I’ve been combating having a great many things that I want to write about by not writing about anything. I usually like to let all of my little problems and to-dos accumulate until the mountain of them becomes virtually insurmountable. It’s just easier that way.
That being said, I can’t put off writing about this anymore. The Concord Free Press is doing something seriously incredible and I want to get behind it. I had never heard of them until last Sunday when I was walking through the Book Mill in Montague, Ma, browsing some used fiction. There in the middle of stacks and stacks of books I didn’t need was a display with maybe 10 copies of The Next Queen of Heaven urging me to take one free of charge. The book was written by the dude who writes all those books about Oz. I can’t ever remember his name, but (thank you, internet), it Gregory Maguire. Maguire (despite my not knowing him or his work well at all) is certainly a mainstream author. Hell, they made a Broadway show out of one of his books. It’s heartening that someone who actually has made money in novel-writing would turn their work over to a free press with no hope of monetary compensation.
I spent most of the car ride home reading the back flap and the endpapers trying to figure out just who the hell was paying for the book I just got for nothing. Wealthy donors? Was it a vanity press? A crazy millionaire bent on fiction for the masses?

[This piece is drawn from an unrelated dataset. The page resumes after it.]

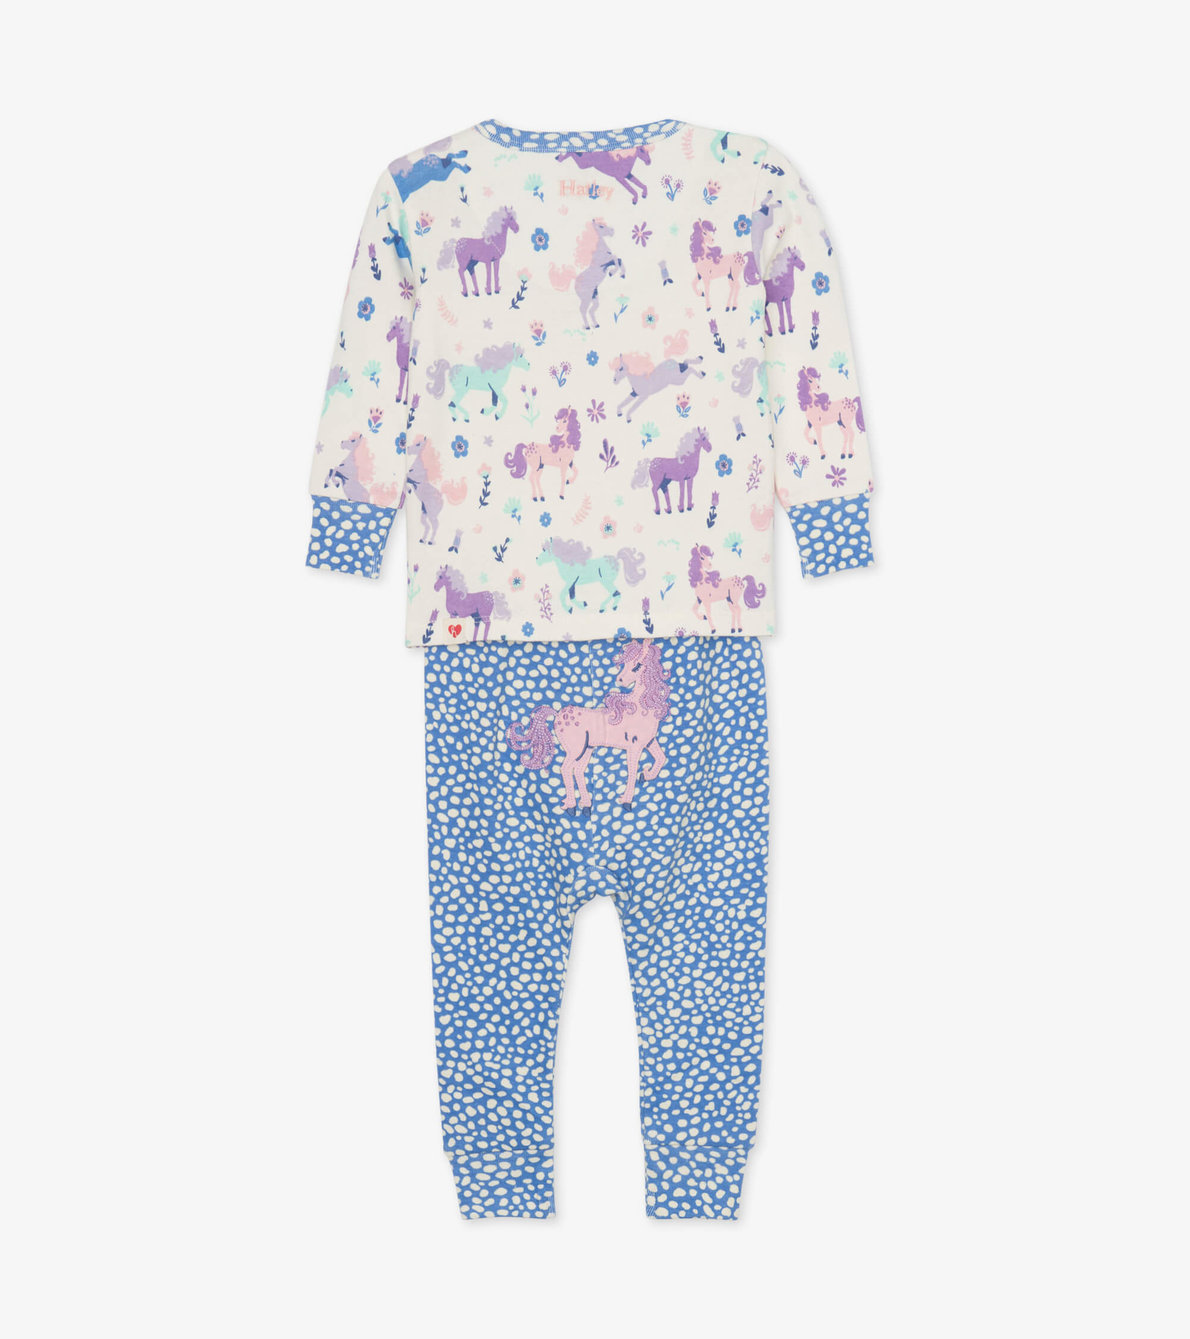 View larger image of Playful Ponies Organic Cotton Baby Pajama Set

When I got home I did some quick google-fingersing and discovered that the Concord Free Press runs on donations and grants—they are a certified non-profit dedicated to sharing excellent works of fiction and supporting charity in whatever form. They ask that anyone who gets their hands on a copy of a Concord Free Press donate to the charity of their choice and report it on the press website. The Next Queen of Heaven has raised 97 thousand dollars so far for charities across the country. The interesting things don’t stop there, either; the press asks that when you finish a book, you pass it along to a friend or stranger, and that way the donations keep rolling in and the book is seen by more than 2500 people who get the first copy.
Incredible, right?
I haven’t read my copy of The Next Queen of Heaven, yet; I’m still shoulder-deep in Steven Millhauser’s The Knife Thrower: and Other Stories (which alternates from being awesome to too much crazy). I’m really looking forward to starting it though and making sure it’s really good and not just part of some ploy to get me to read shitty fiction.